Subset selection: the smallest acceptable subset
If we wish to select a single subset, a compelling representative of the acceptable family is the smallest acceptable subset. This choice favors parsimony, while its membership in the acceptable family implies that it meets a high standard for predictive accuracy. From the previous plot, we select the smallest subset for which the intervals include zero (solid gray vertical line).

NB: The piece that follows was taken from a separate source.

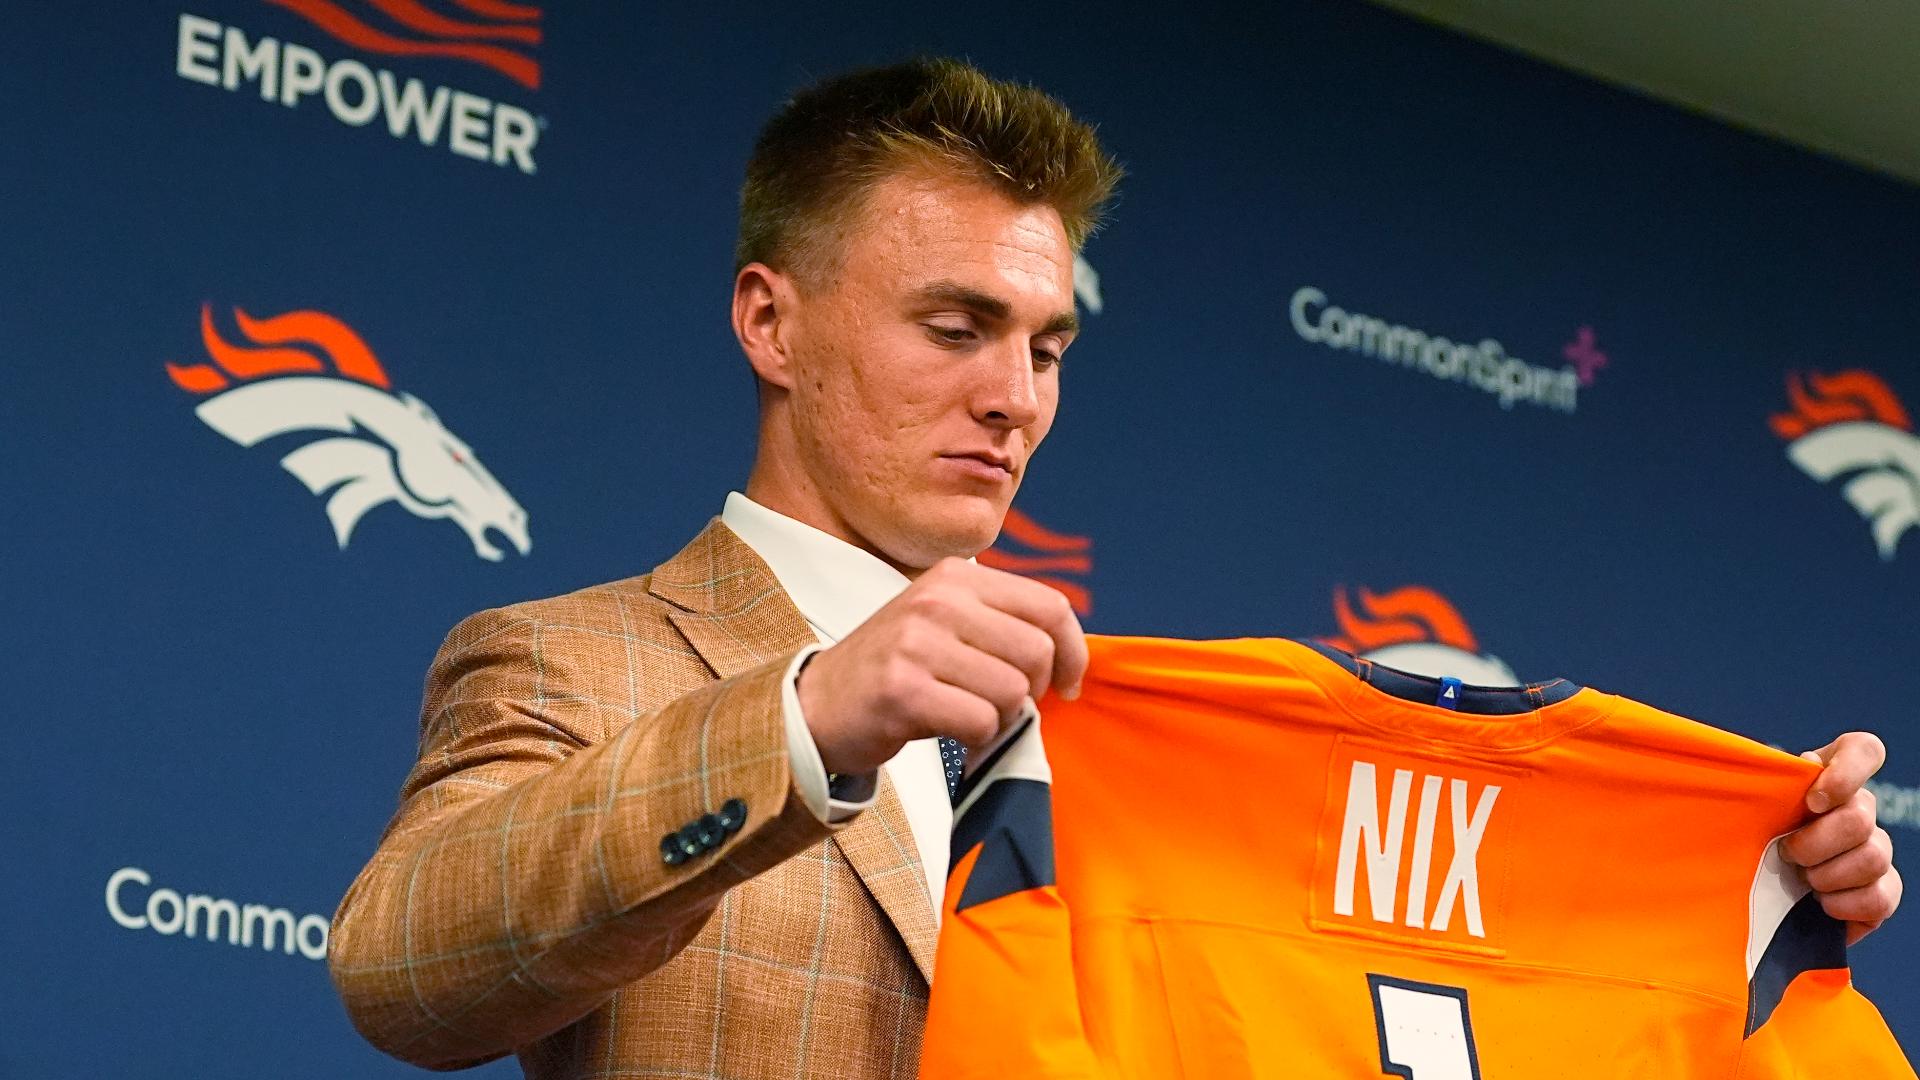 How much could the Broncos draft picks get?

# Simplest acceptable subset:
beta_hat_small = accept_info$beta_hat_small
# Which coefficients are nonzero:
S_small = which(beta_hat_small != 0)
# How many coefficients are nonzero:
length(S_small)
#> [1] 4
We can obtain posterior samples and credible intervals for the coefficients as before:
# Draws from the posterior predictive distribution
post_beta_small = proj_posterior(post_y_pred = post_h_pred[sub_sims,], # just use 1000 draws
XX = X,
sub_x = S_small,
use_ols = FALSE)
# Compute 95% credible intervals for the nonzero entries:
t(apply(post_beta_small[,S_small], 2,
quantile, c(0.05/2, 1 - 0.05/2)))
#> 2.5% 97.5%
#> X1 -3.711372 -2.01259590
#> X2 1.019795 2.73711706
#> X5 -1.289039 -0.08855023
#> X6 -1.497176 -0.06492849
Variable importance from acceptable subsets
Another useful summary of the acceptable family is the variable importance, which reports, for each variable \(j\), the proportion of acceptable subsets in which \(j\) appears. We are particularly interested in distinguishing among those variables that occur in all, some, or no acceptable subsets, which provides insight about which variables are indispensable (“keystone covariates”) and which variables are part of a “predictively plausible” explanation.

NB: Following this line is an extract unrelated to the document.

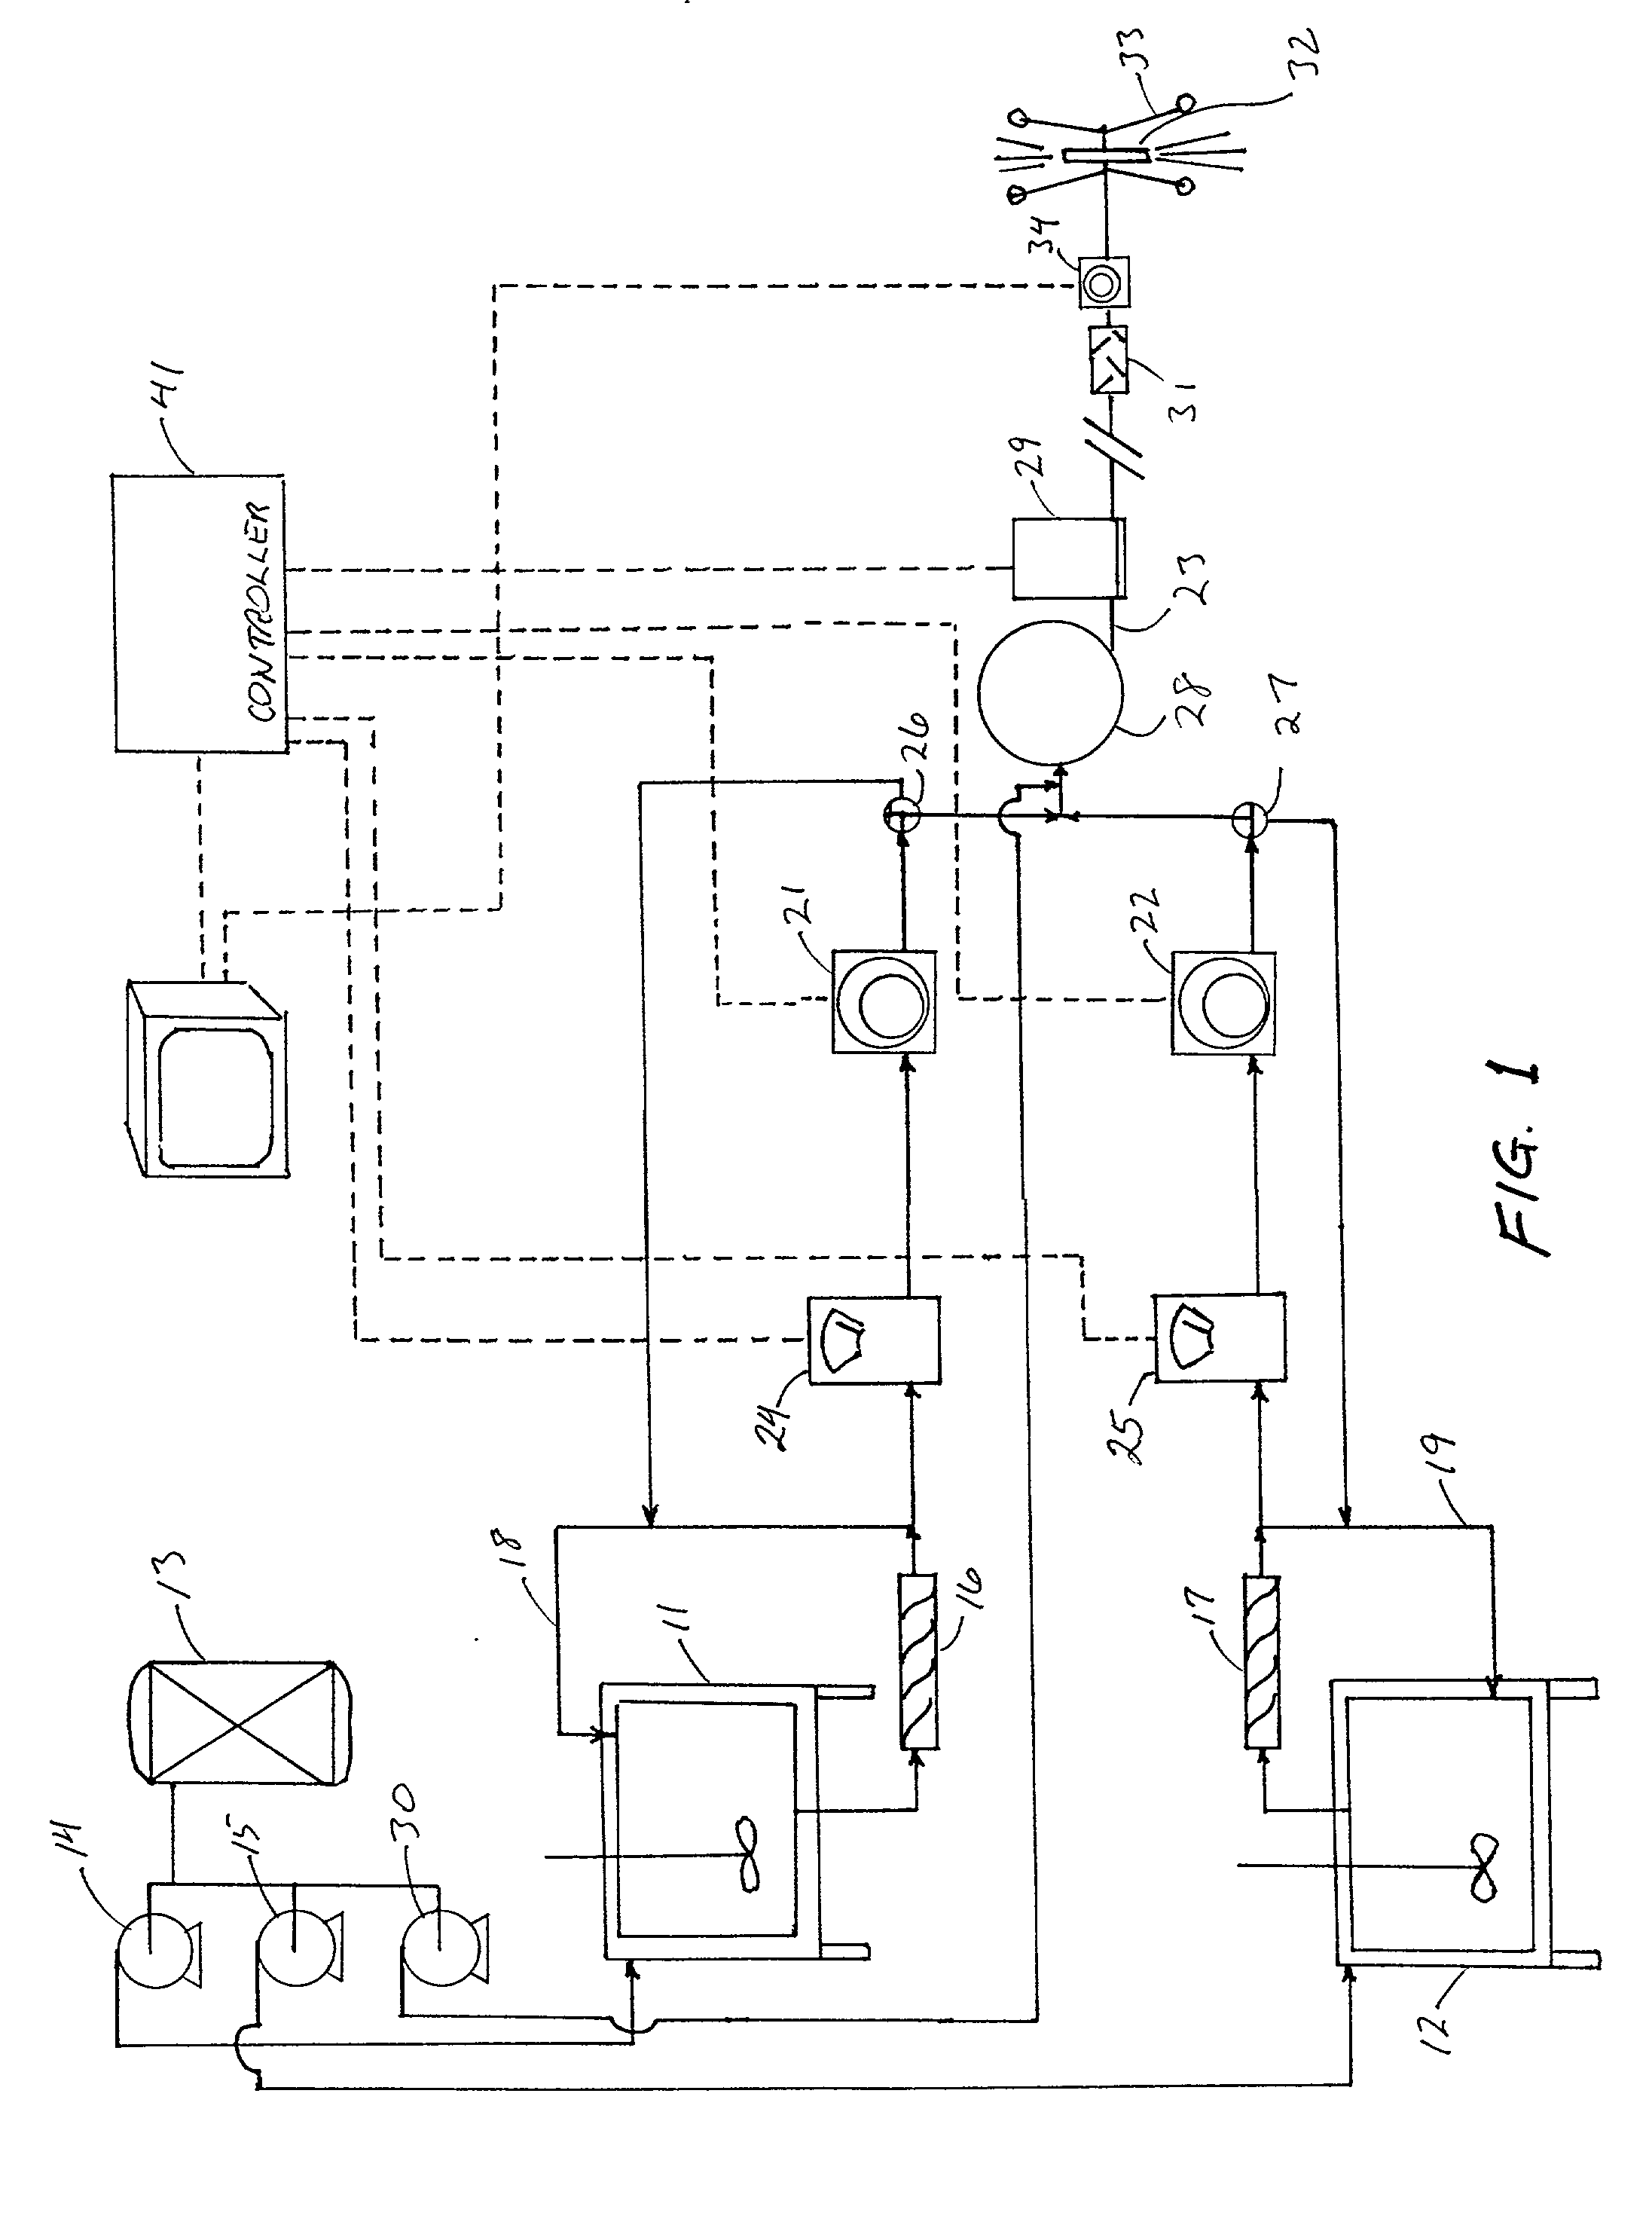 System and method for delivering reactive fluids to remote application sites

# Variable importance: proportion of *acceptable subsets* in which each variable appears
vi_e = var_imp(indicators = indicators,
all_accept = accept_info$all_accept)$vi_inc
# "Keystone covariates" that appear in *all* acceptable families:
which(vi_e == 1)
#> 1
#> 1
# Irrelevant covariates that appear in *no* acceptable families:
which(vi_e == 0)
#> named integer(0)
# Visualize:
barplot(vi_e[order(vi_e, (ncol(X):1))], # order...
horiz = TRUE,
main = paste('Variable importance for the acceptable family'))
abline(v = 1)
Most variables belong to some, but not all, acceptable subsets.
Conclusions
Even for various functionals \(h\)
and/or binary outcomes, the pipeline is nearly identical to the simpler
continuous outcome case. For binary outcomes, the code is moderately
slower: repeated evaluations of glm
are less efficient than
lm
, and these are needed for 1) posterior predictive
uncertainty quantification via proj_posterior
(with
use_ols = FALSE
) and 2) predictive evaluation to construct
the acceptable family via accept_family_binary
. However,
there is no need to refit \(M\) for
different choices of \(h\) (e.g.,
varying the threshold \(\tau\)), which
can be a substantial time-saver when \(M\) is complex (e.g, a functional data
regression model). Finally, we note that if \(M\) is a binary regression model and \(h(t) = t\) is unnecessary, then we can
replace post_h_pred
with post_y_pred
throughout (and y
simply replaces h(y)
).